Looks like we are basically saying the same thing!
It is entirely plausible that we are both in violent* agreement.
Regarding Hungary, it has been on TCR routes in recent years and there is guidance on routing in the country in the manual so it is clear there is no veto on going there. The reason they haven't routed there is that Romania is not in Schengen - so there would be border controls wherever you went to the south.
As I said before, we saw border controls spring up within Schengen pretty quickly back in March, so I'm not sure that it means much, but that's clearly the reason.
A basic principle of travel is that you are a guest in someone else's country and you have to take it on those terms, and fit in with their values, their dress codes, their laws, etc.
Yes, however the rules and laws in Hungary have changed since it was last on the route of the TCR. Part of being a guest in another's country is not turning up where you're unwanted... I would not do a TCR if it went through Hungary.

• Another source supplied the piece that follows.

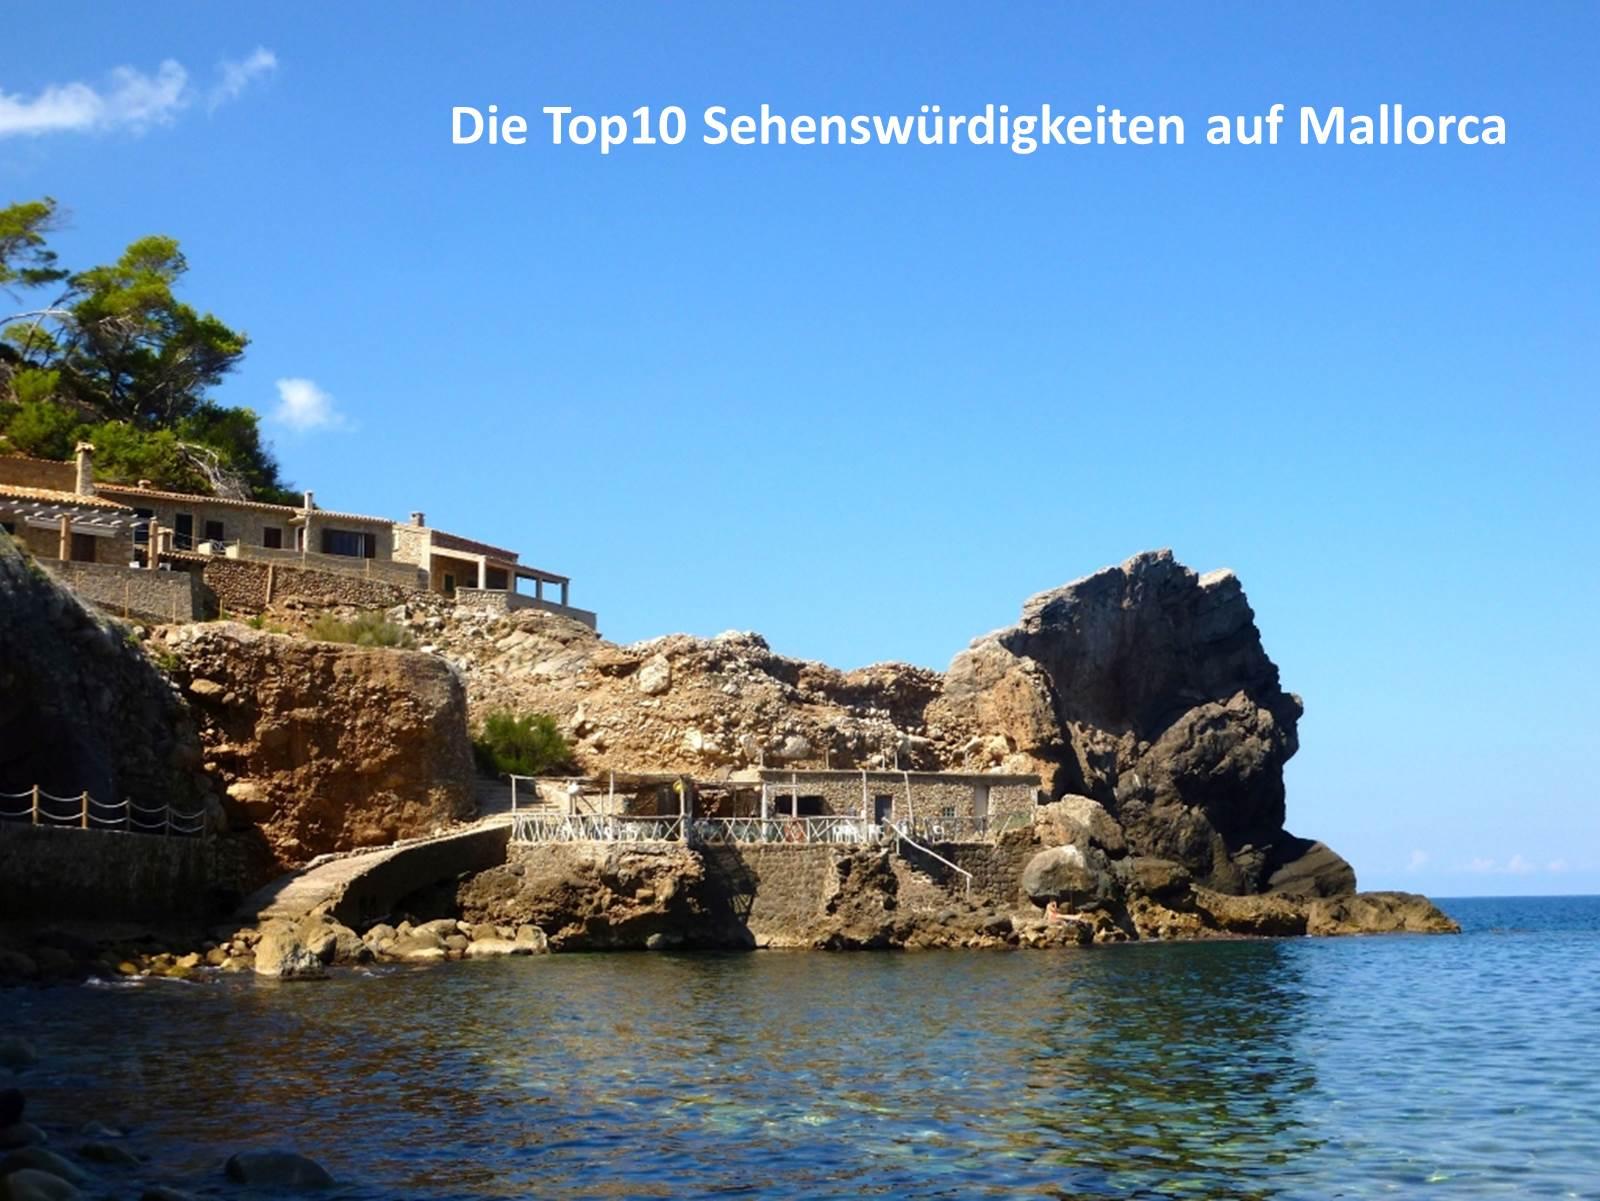 Die schönsten Sehenswürdigkeiten auf Mallorca

The ferries are basically a lot of stress. Especially when they open up other routes, which will likely happen if the race is able to go ahead at all. Partially this is my comfort zone, in that I don't like to have to make complex decisions when riding but it's not entirely that.
Firstly you have to make a call when you make a booking. If you make the booking early, more likely to get the wrong time. Leave it late and there might not be space.
When you've made it you have a hard deadline which = stress.
How does the check-in process work? How long do you need to allow? More stress.
One approach is to throw money at the problem and make 3 or 4 bookings to be sure of the optimal crossing, but that would be expensive and not open to all riders.
What will actually happen is that a lot of riders will get their partners to do the booking for them. Mostly these are not bad people and will probably otherwise obey the rules, but this kind of complex decision creates circumstances which invite cheating into the race.
Missing a ferry in Bari and riding 6-7 hours to Brindisi is unlikely to be a winning strategy.
Agreed, the ferries are regular, but I wonder how much capacity they run at. I've used them in the past on my way to Krete, but I did so booking in advance. It's going to be an interesting element.
A brief search on greece-ferries.com shows that there are two a day from Bari to Igoumenitsa, but they are only 30 minutes apart in the evening. So missing a ferry would mean upto a 24 hour wait for the next departure. Where as from Brindisi there are two a day, at 1300 and 2100. Obviously this may change nearer the time, it may be the timetables aren't finalised. But if you miss the 2000 from Bari, then getting to Brindisi for 1300 the next day seems distinctly plausible. You'll arrive in Greece about the same time you'd be leaving Bari if you waited...
It could be tho that you get to Bari after say 0500, you're unlikely to make it to Brindisi for the 1300 sailing. So is it worth continuing for the 2100? or get a hotel room for the day, and rest, eat, etc...
A lot of very stiff, but well rested cyclists are going to roll off the ferry in Greece...
I'm not a fan of the big off-road sections.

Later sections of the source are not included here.